Spyware is spreading far beyond its national-security role

Spyware is increasingly exploited by criminals or used to suppress civil liberties, and this proliferation is in part due to weak regulation.

Politicians, diplomats, human rights activists and journalists have been targeted by malicious software worldwide. Just last week, former Polish justice minister Zbigniew Ziobro was arrested for allegedly approving use of spyware on 600 people, including opposition leaders.

Spyware is increasingly exploited by private actors, often criminal, for international crime, corruption, transnational repression and weapons smuggling. For instance, Mexican criminal organisations have tapped into Titan, security software used by law enforcement and intelligence agencies, to geolocate their rivals and conceal criminal activity. What’s more concerning is that some of these spyware products are being procured by government officials informally, without bureaucratic checks and balances.

The opacity of the spyware trade can make it difficult for governments to develop effective policies and regulatory controls. While commercial spyware giants such as the NSO Group, Intellex Consortium, NoviSpy and Cellebrite have become well known and increasingly scrutinised, hundreds of smaller firms have attracted little attention and oversight. They also provide hackers-for-hire services and such products as economical intrusion software. They are often set up by larger entities as a means of evading export controls, and they offer a more discreet way for governments and private actors to procure spyware, including illicit services and products.

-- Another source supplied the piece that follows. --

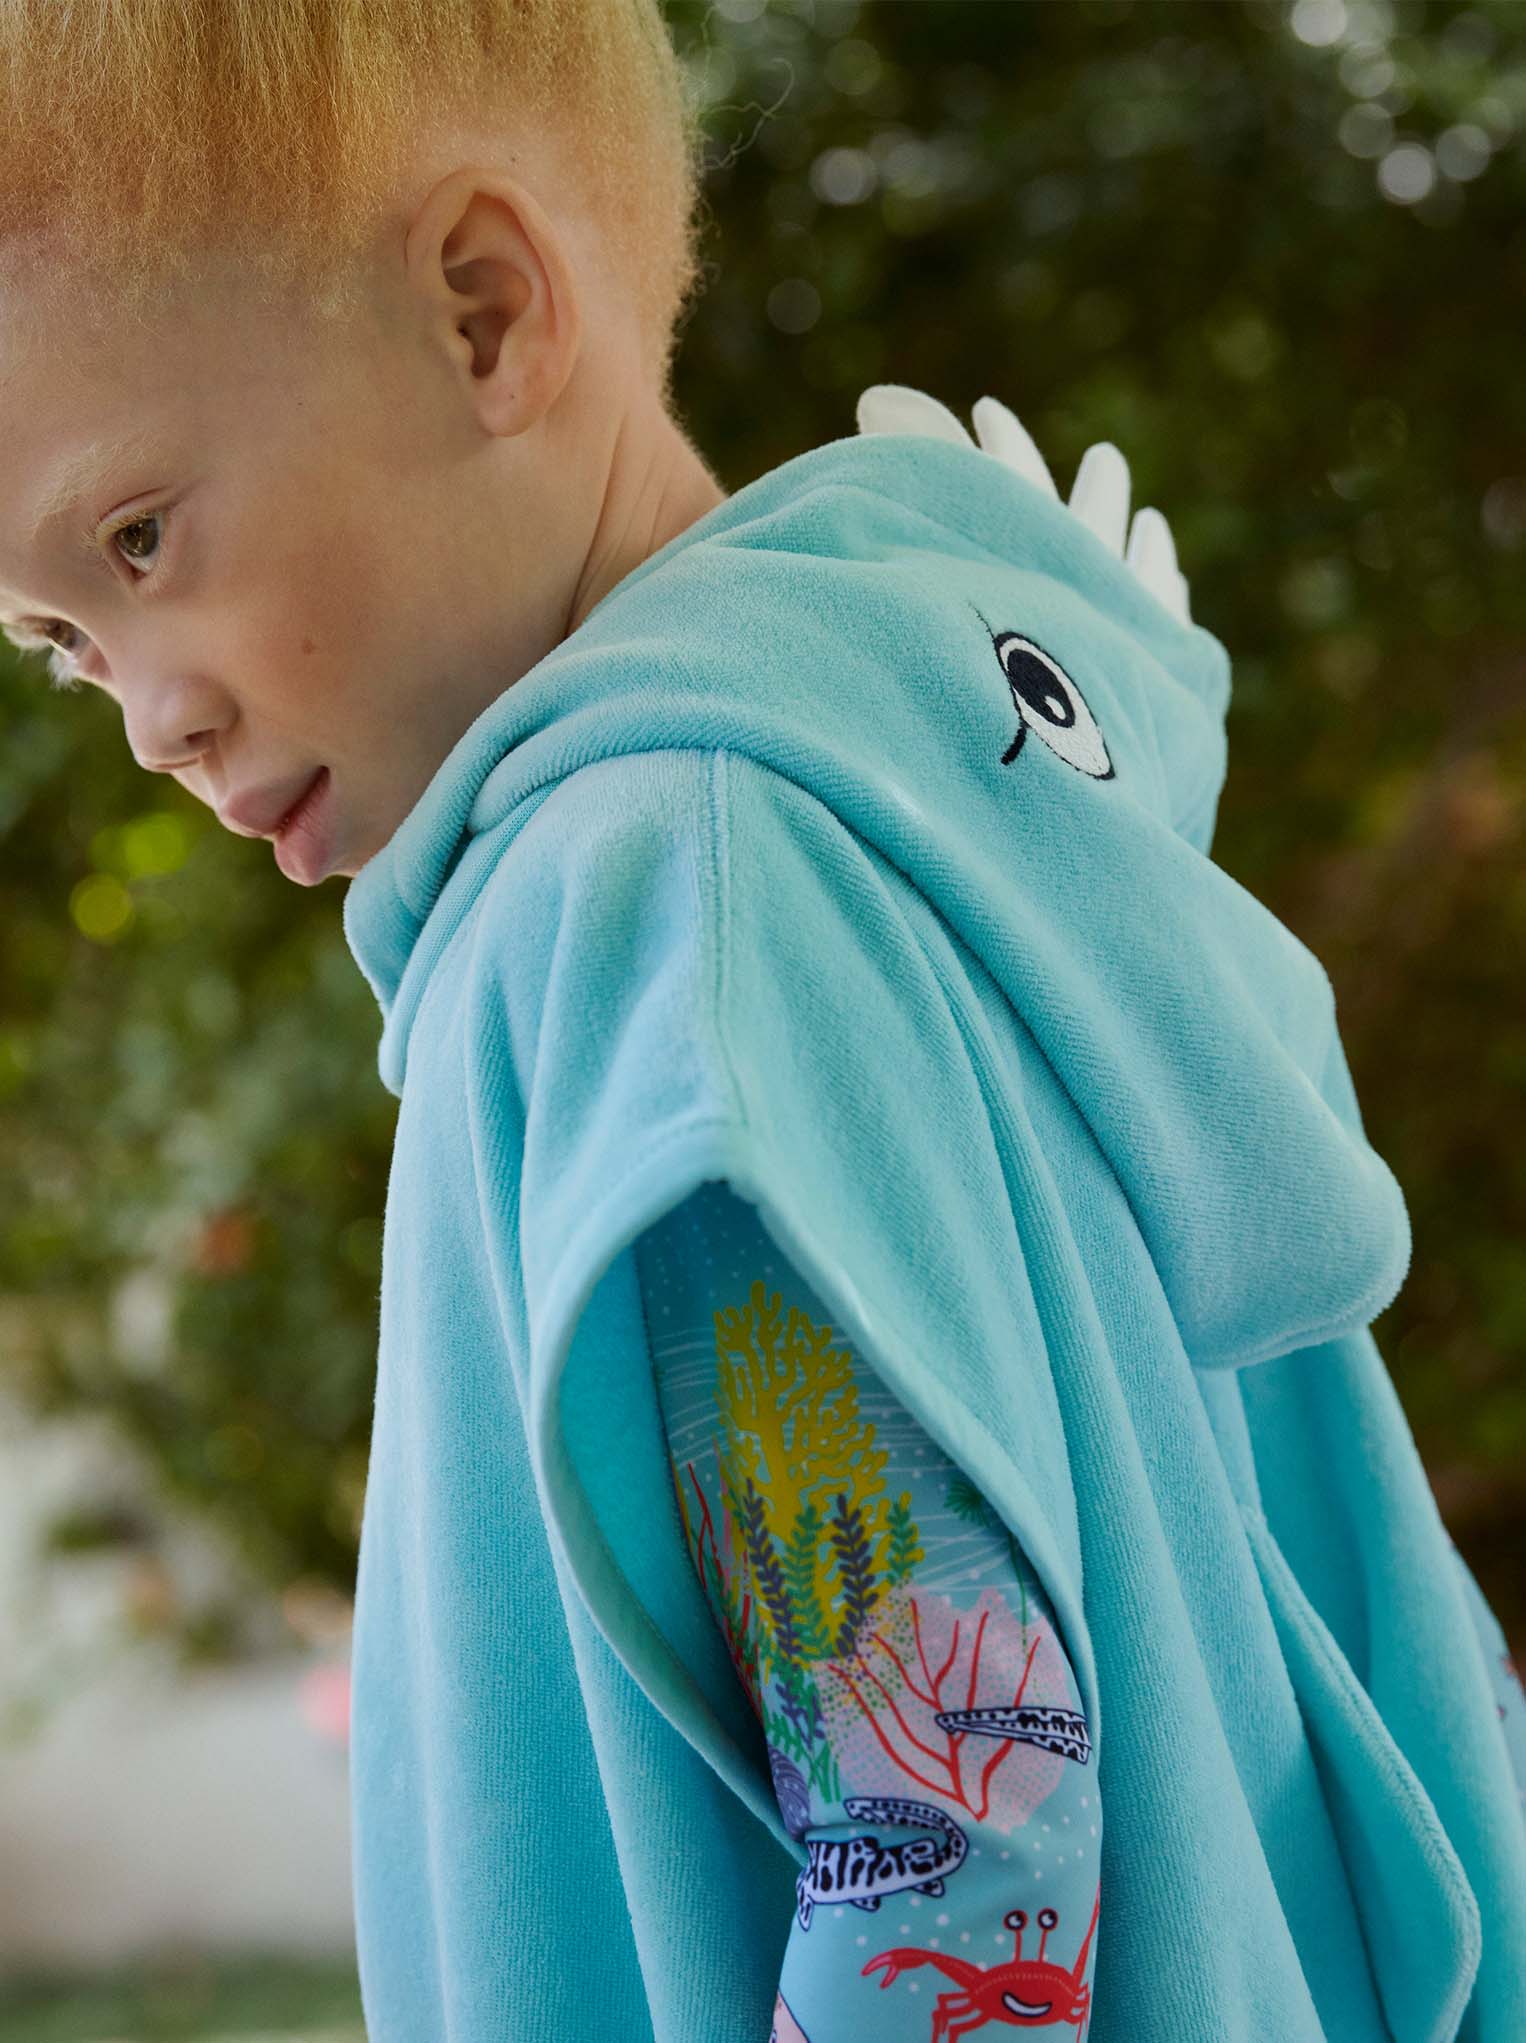 Blue Shark Kids Swim Beach Towel from Polarn O. Pyret Kidswear. Made using sustainable sourced materials.

The Atlantic Council’s Cyber Statecraft Initiative found connections between 435 entities across 42 countries in the spyware market. This revealed a web of investors, vendors, holding companies, subsidiaries, suppliers and individuals in the exploitation supply chain that contribute to spyware development, proliferation and misuse.

Misuse of spyware by malign actors can threaten national security and undermine civil liberties. This is a challenge for democracies and authoritarian regimes alike.

Between 2011 and 2023, at least 74 governments contracted commercial firms to obtain spyware or digital forensics technology. Of these, 44 were autocratic regimes, and 56 procured such technologies from firms based in or connected to Israel, the leading exporter of spyware.

The commercial spyware market is characterised by convoluted corporate structures and obscure supply chains, underscoring the need for collective efforts to increase transparency. The international community will need to cooperate and align their spyware regulations and approaches to address shared risks.

On 31 January, WhatsApp revealed it had detected spyware attacks targeting users across multiple countries. The software had come from Israeli company Paragon Solutions, but WhatsApp was unable to identify the user.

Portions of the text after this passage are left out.